An ownership interest is different from an “insurable interest.” Texas courts have long recognized this important distinction and given wide latitude to the term “insurable interest.” The seminal case in this area is Jones v Tex. Pac. Indem. Co., 853 S.W.2d 791 (Tex. App. – Dallas, no writ).
But the most interesting and expansive opinion on the matter is Dana O’Quinn v. General Star Indemnity Co., a case out of the United States District Court for the Eastern District of Texas. That case was about a fire loss which occurred at a nightclub called Alibi’s, the most perfectly named property for an overly suspicious insurance carrier. Alibi’s was founded by Brian O’Quinn, who was also President and Director of Cahoots Entertainment, Inc., which owned the business and entered into a lease with the owner of the premises.
Brian’s wife, Dana O’Quinn, purchased a commercial property policy from General Star. The policy identified Dana O’Quinn as the named insured. Dana managed the club along with her husband but was neither an owner nor an officer of Cahoots,
After the club’s interior was damaged by fire in July 2011, Dana filed a claim under the policy. In February 2012, the insurer issued a final payment of $429,211, based on ACV. This amount reflected depreciation of $139,296.
The insurer moved for summary judgment on the ground that Dana, who was neither an owner or an officer of the corporation that owned and operated Alibi’s, had no insurable interest in the club. The U.S. District Court for the Eastern District of Texas disagreed, explaining that insurable interest is not equivalent to legal title. Under Texas law, “[a]n insurable interest in property exists when the insured party derives pecuniary benefit or advantage by the preservation and continued existence of the property or would sustain pecuniary loss from its destruction.” Danna O’Quinn testified that she and her husband intended ownership of Alibi’s to be “a partnership between the two of them,” and that the club was her primary source of income. The court found, therefore, that the club was “owned by Cahoots Entertainment, but for the use and benefit of [Danna] and her family.” The “pecuniary loss” Ms. O’Quinn had suffered from the destruction of Alibi’s gave her an insurable interest in the property.

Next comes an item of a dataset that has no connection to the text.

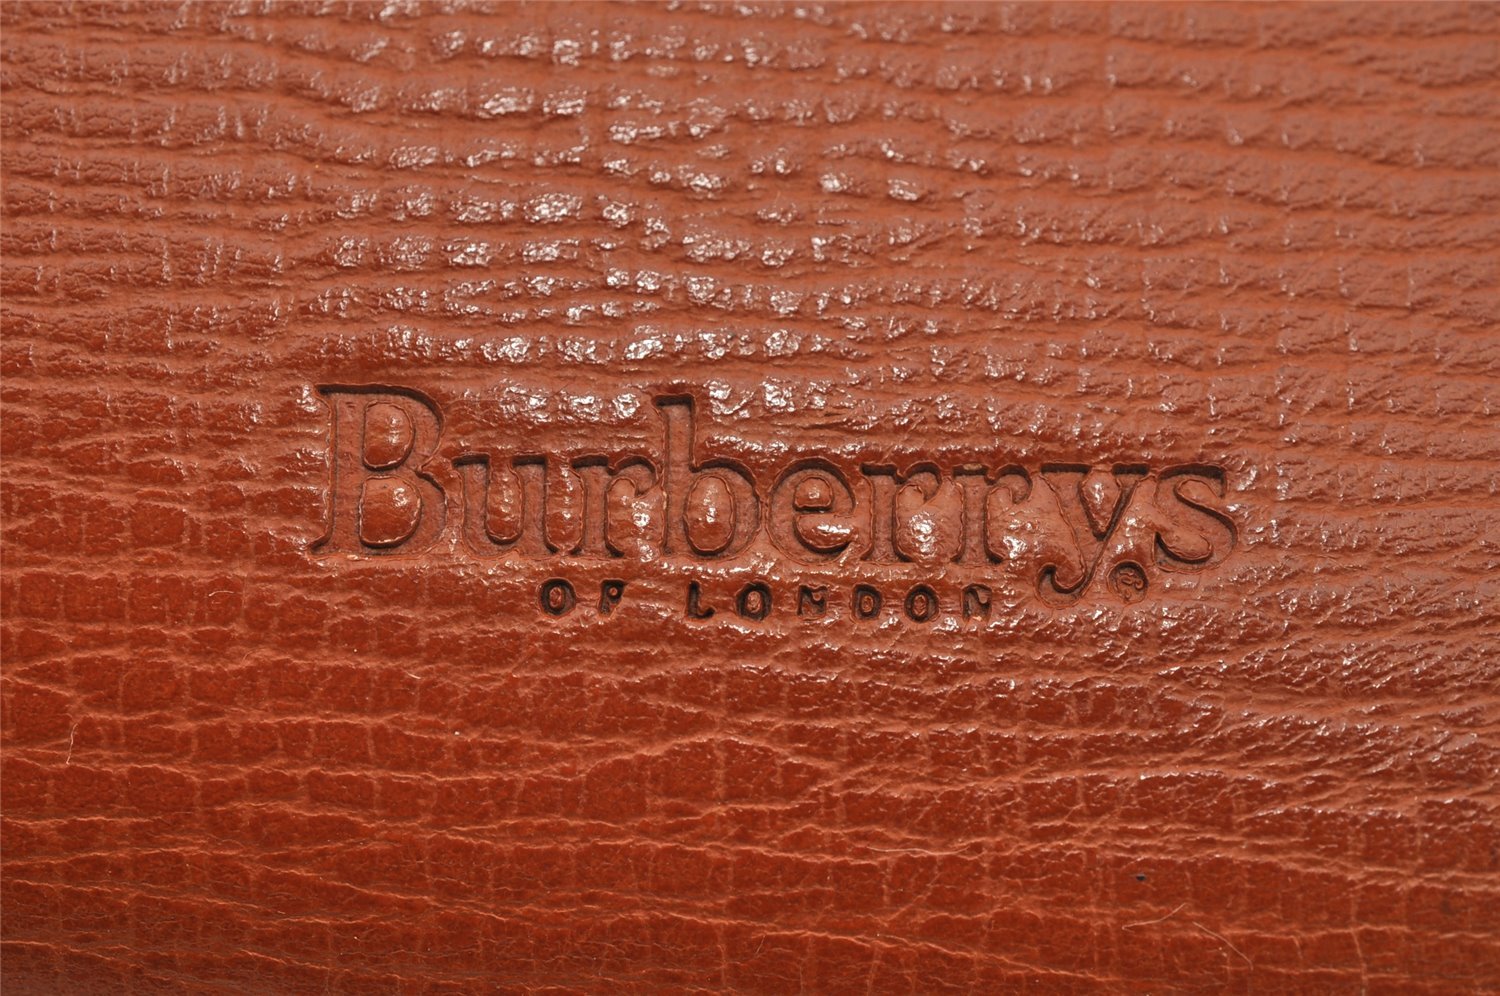 Authentic Burberrys Vintage Leather Clutch Hand Bag Purse Brown 2431I
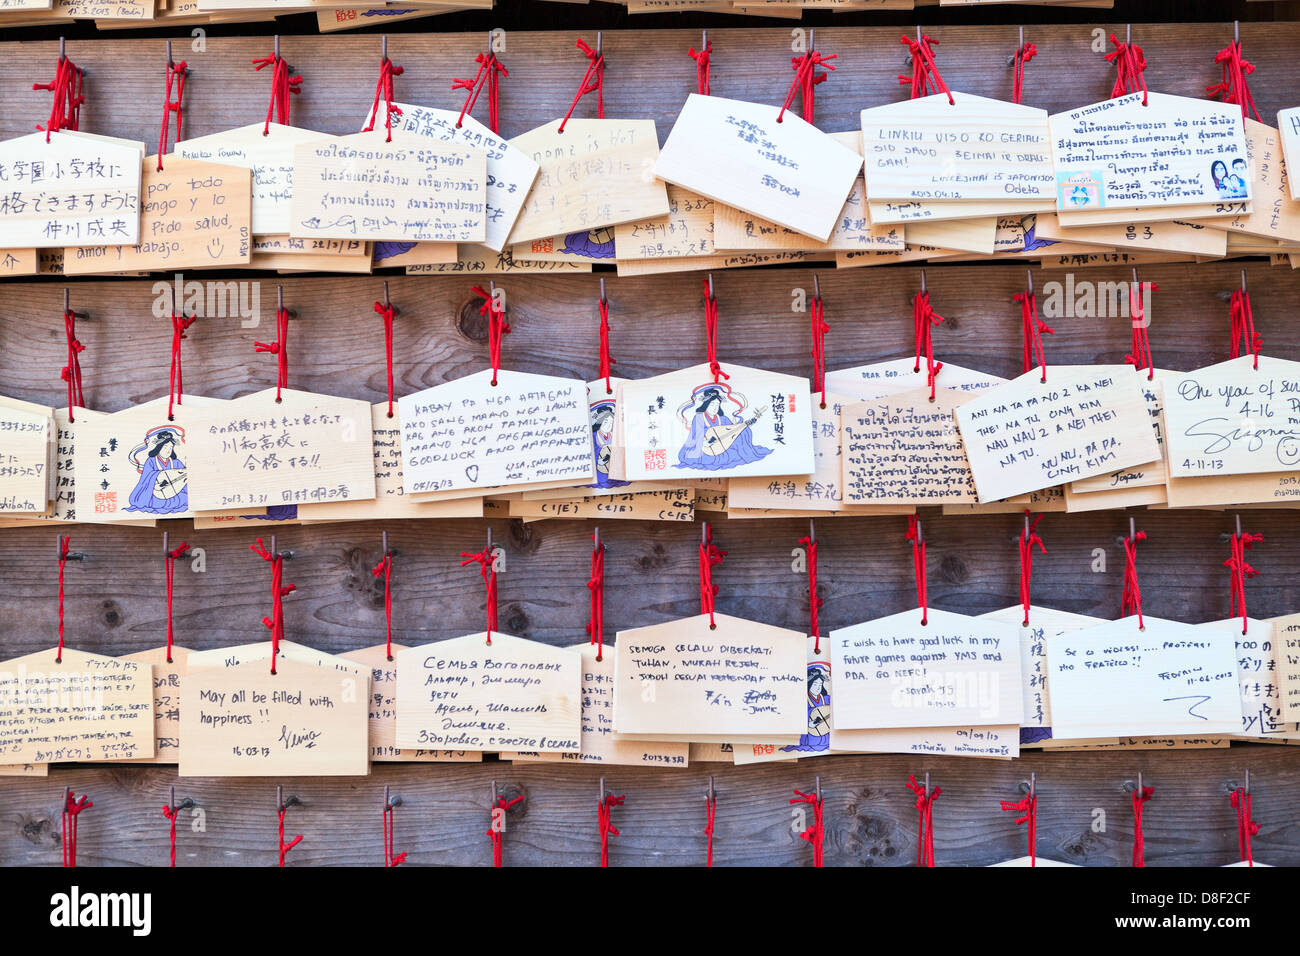 Ema background are small wooden plaques on which Shinto worshippers write their prayers or wishes. Kamakura, Japan Stock Photo

There are a number of issues that need to be explored in the event you review the Policy and it has the wrong insured. Of course the best measure to have employed is to read the Policy at inception and made sure the named insured was correct. If it’s too late, you should consider seeking a reformation of the contract to reflect the true intent of the parties and allege a mutual mistake in the designation of the named insured. You might even have to consider a waiver argument if the actual insured has paid the premiums without protest during the term of the contract.